I am in a big dilemma with a man that I work with, in fact he is my manager
who is also 10 years my senior and I am 21. I guess to sum it up I will say
that over the past year we have been working together, he has really put his
guard down to me because the chemistry between us is off the charts! and I
also have learned to bring him out of his formal, proper persona that he has
at work. This guy has shown and done many things that have struck me like
lightning that DING he has fallen for me: He always tells me to be open with
him and vice versa and encourages me to talk about my life,
our co workers always tell us we act like an old married couple because we
tease each other and flirt so much, and finally he has gotten to the point where he has told me that he gets
jealous when I talk about other “potential interests” …Good thing about
this is this man literally sweeps me off my feet.
Now the problem:
One night recently, after work we both decide to stay behind and smoke a few
cigarettes with each other and just chill outside in the parking lot. We
talked for about an hour and a half, when he finally asks me to go to a
winery with him. I accepted because
A) I am quitting my job
B)I like him
C)I like him
Now the question finally, =) is I am really bummed out because he has a
girlfriend who he has been with for a year and have known each other for 6
yrs,both live together. Should I just take the risk and have a potentially
passionate romance or should I run, and far away?

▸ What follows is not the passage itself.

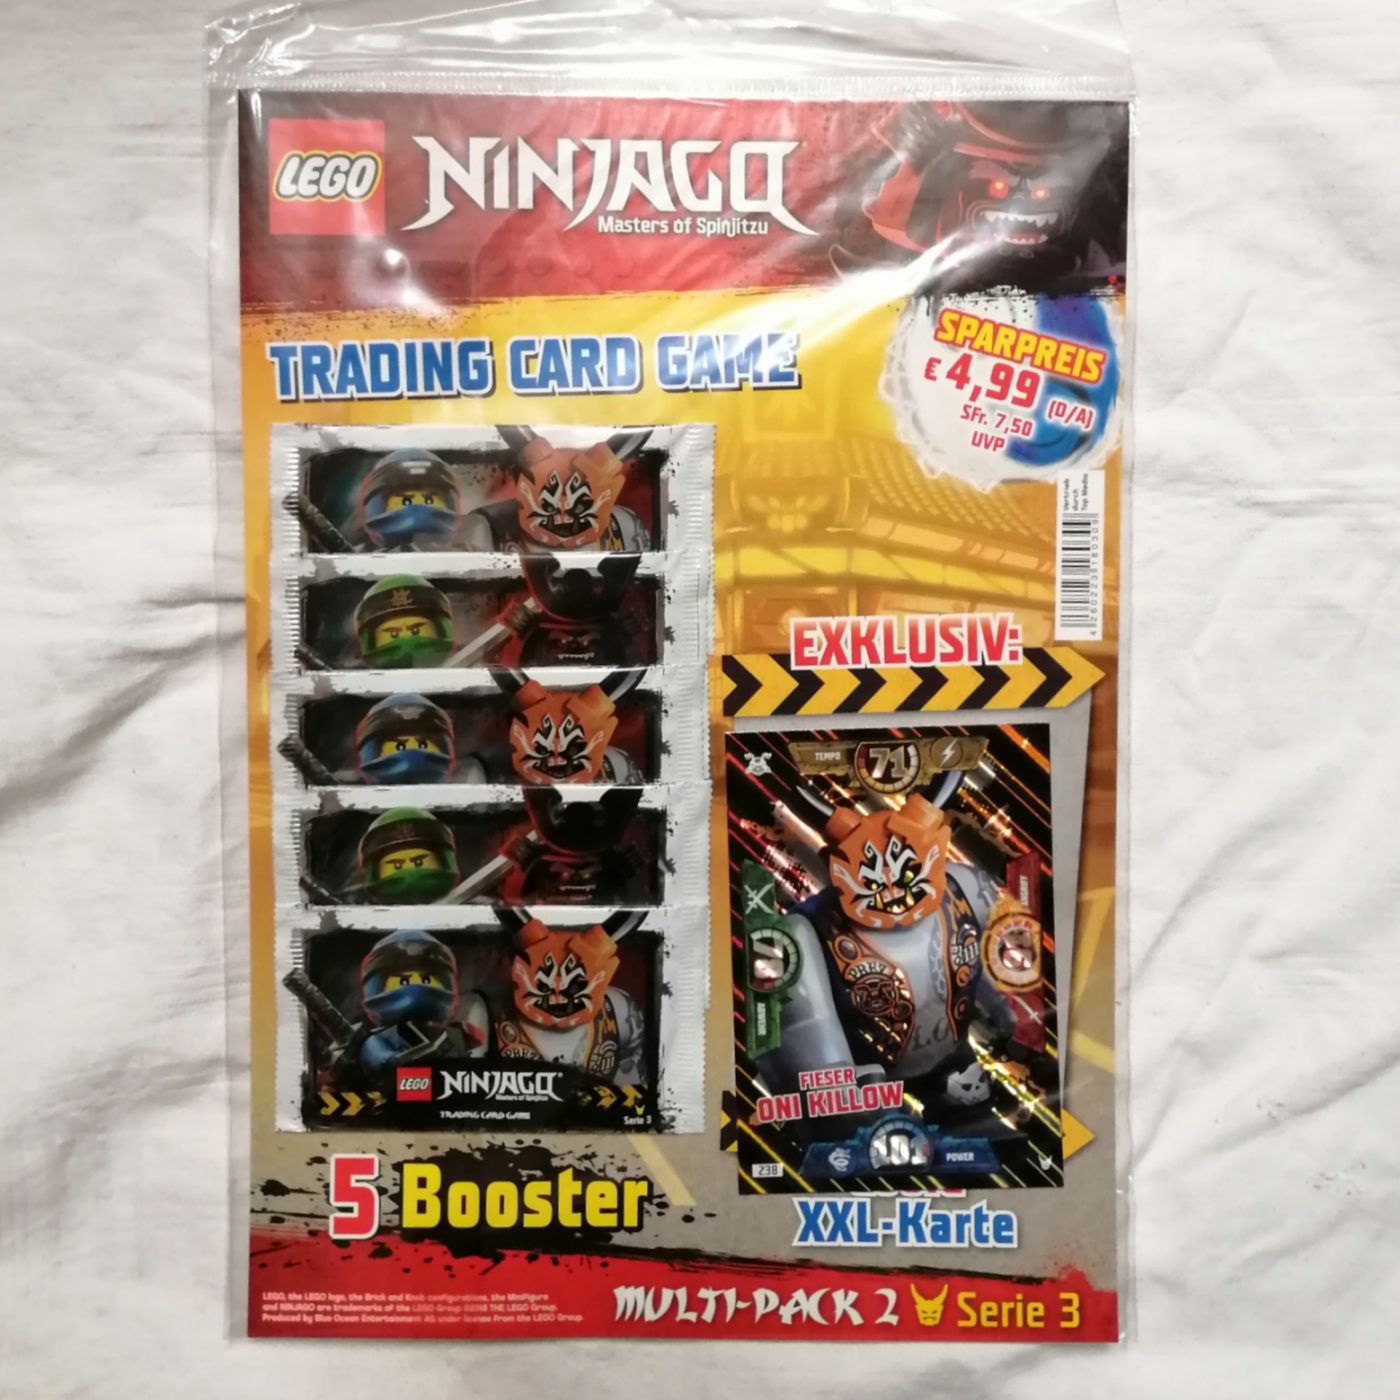 Lego Ninjago TCG Serie 3 Multi-Pack "Fieser Oni Killow" vorne

This is an extremely personal dilemma, I must say, because I personally cannot tell you whether you should get into the middle of a relationship and potentially ruin it by following your emotions, or if you should back off and play the “what’s right” card. But what I CAN do is tell you what I personally would do, and that is take him up on the invitation and have yourself a good time. This is simply a question of values. And if you value looking ahead in life and doing the right thing, then it’s probably not in you to get into this unknown situation with your eyes closed and hope for the best. But if you value getting into situations that do not always turn out how you expect, then it’s probably best to see where this whole thing goes. To be fair, he is inviting YOU, so you are obviously not barging in or getting involved where you’re not wanted. You say you like him and plus you’re quitting the job, so there shouldn’t be much of a problem there. The fact that he’s got a girlfriend, sure, it poses as a slight issue, but just talk to him about it on the day you’re out with him and see what his feelings are towards her and what direction his current relationship is heading.
I’ve personally always followed the most interesting route rather than the safe one, and if it’s done with a little bit of caution and responsibility, then it should all be good fun. You should weigh your options and think what’s the worst that can happen if you DO get involved with this man. He is older, yes, and it probably will not end with you two staying together forever, but that could be a great experience and make you much wiser for the future. I say live in the moment and go for it, just do it on a straight head and don’t expect the world so if something doesn’t work out, you will be prepared. Go forward and see where it takes you, plus you’ll get to taste some good wine in the meanwhile.